In the channel, that same pressure shows up in platform consolidation. WatchGuard and Halo are wiring security events into PSA workflows—from alert to ticket to provisioning to billing—because disconnected work does not scale.
This is why the industry keeps building control planes, not just features: the mess is the product now.
Stalled AI Spend
The consequence for MSPs is that AI adoption is no longer a technology conversation—it’s a trust and control conversation, and buyers are signaling what they will fund.
And to be clear, this is not just DLP with an AI sticker. Traditional controls assume static data, deterministic behavior, and human intent. Generative AI breaks all three. Prompts are created on the fly, outputs vary by context, and agents can act without a human in the loop. Once capability is delegated, controlling access alone is insufficient. You also have to govern what the system is allowed to do.
The clearest proof point comes from Gong. In research released via PR Newswire, 58% of companies have stalled AI projects not because of budget, but because they do not trust how their data and outputs are being handled. Nearly half—46%—of planned AI investments are paused specifically due to trust concerns. The top blockers are data privacy and security, explainability, and model transparency. Buyers say they want clear guardrails, built-in security guarantees, and explainability they can defend.
The second proof point is what happens when that trust layer is missing. The Guardian reports on “workslop”—AI output that looks polished but creates rework. Executives report productivity gains, while 40% of workers say it saves them no time, with meaningful time spent correcting outputs. When AI is deployed without clear policies, review processes, and accountability, the work does not disappear—it shifts into hidden cleanup.
Put together, this creates a new managed layer. Not “deploy Copilot.” Not “turn on a feature.” The managed layer is governance, controls, and accountability that let the business confidently say yes to automation.
And here’s why this lands on MSPs. AI governance is not a single control—it is policy, logging, access review, exception handling, and evidence packaging across multiple platforms. Most internal teams do not have the bandwidth or tooling to continuously prove those controls exist. MSPs already operate at that intersection—if they choose to claim it.
Why Do We Care?
The mistake would be to keep selling deployment while the market starts buying accountability.
If an MSP treats AI as another license rollout or another productivity feature, they inherit the downstream mess for free: bad outputs, exceptions, user confusion, stalled projects, and incident blame. But the provider that owns governance—policy, approvals, evidence, and operational controls—owns the higher-value layer the customer actually needs.
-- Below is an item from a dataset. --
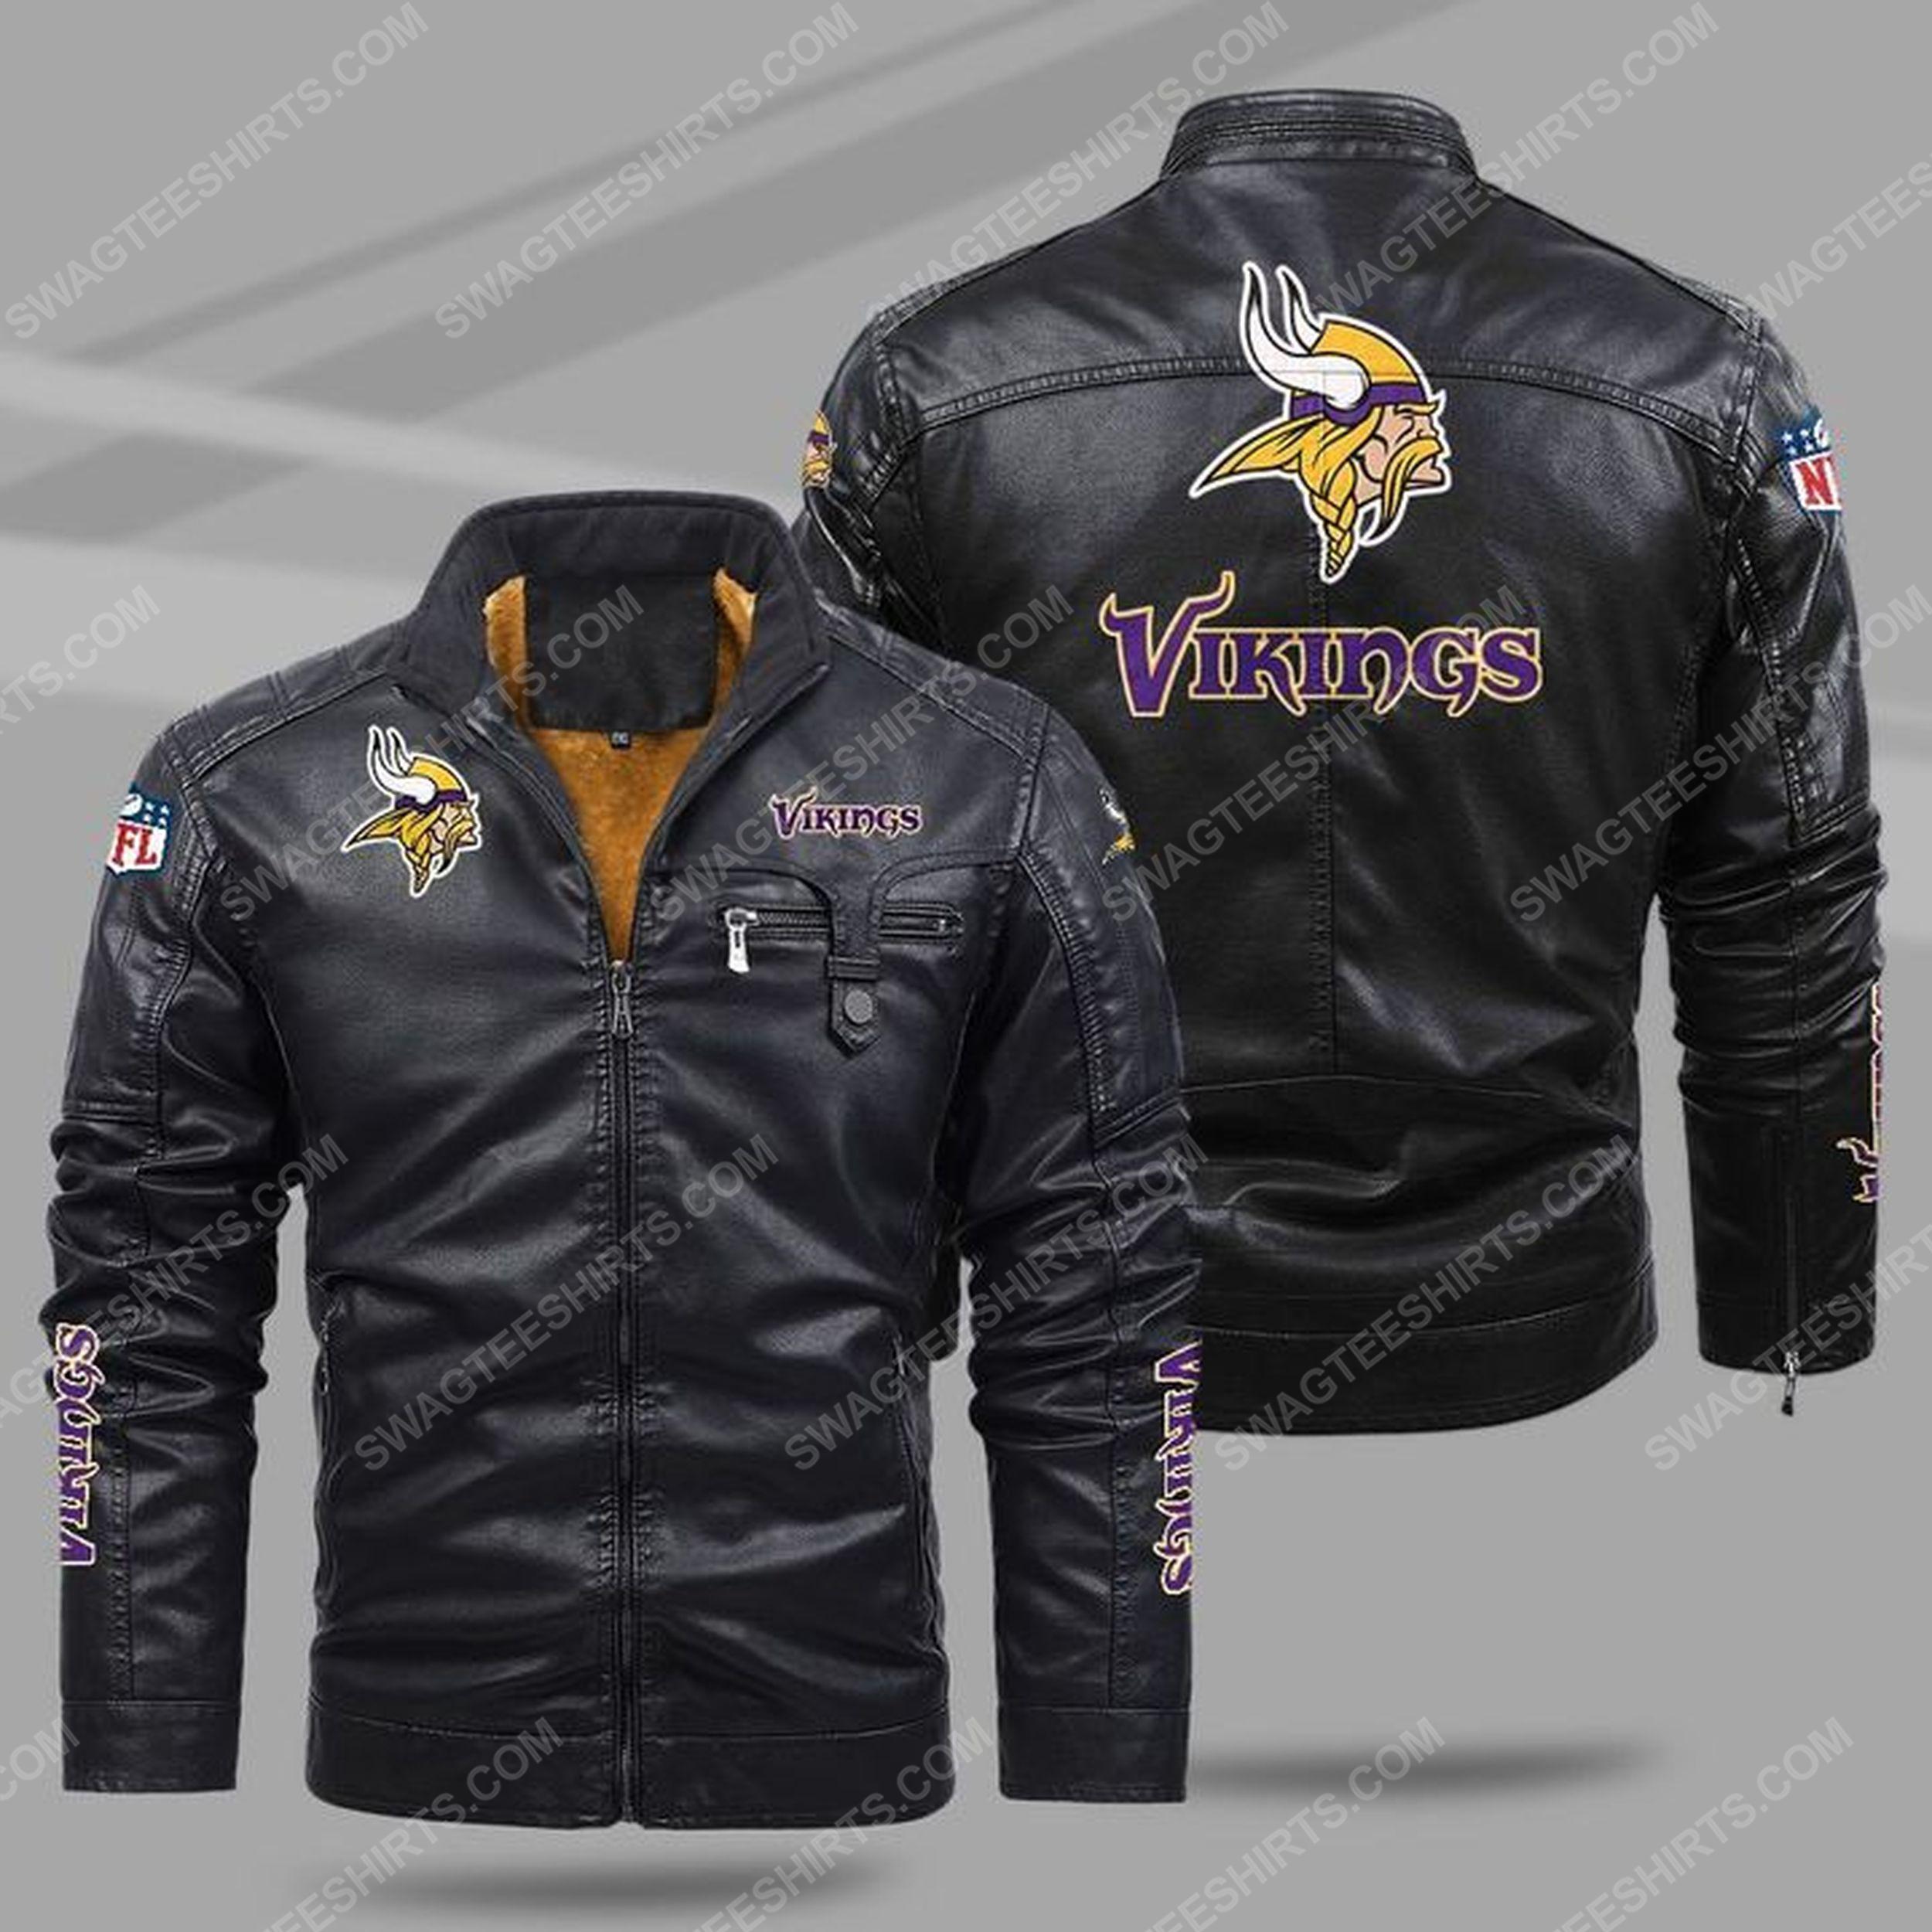 The minnesota vikings nfl all over print fleece leather jacket - black 1

There’s a second force coming: liability. Insurers, auditors, and regulators are beginning to ask who has authority over AI decisions—not just who owns the data. Once that question enters underwriting and compliance, unmanaged agents become uninsurable risk. AI governance is not just a productivity layer. It is becoming a condition of coverage.
What to Consider
• Turn prompt scanning into policy. Publish client-facing standards for prompt and output handling: classification, redaction, retention, and incident triggers. Price exception handling separately.
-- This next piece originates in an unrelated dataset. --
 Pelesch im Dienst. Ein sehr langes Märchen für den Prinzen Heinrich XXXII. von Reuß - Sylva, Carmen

• Package trust as a service. Offer an AI Governance and Evidence package with monthly attestations, control testing, access reviews, and audit-ready reporting.
• Refuse unmanaged connectors. Make unapproved plugins and connectors a condition-of-support issue before they become a breach-and-blame issue.
If this trend continues, MSPs will be asked to warrant not only data protection but agent authority controls—and MSPs without a written connector and permission approval standard will lose accounts after the first AI-related incident review, even when they were not the ones who deployed the tool.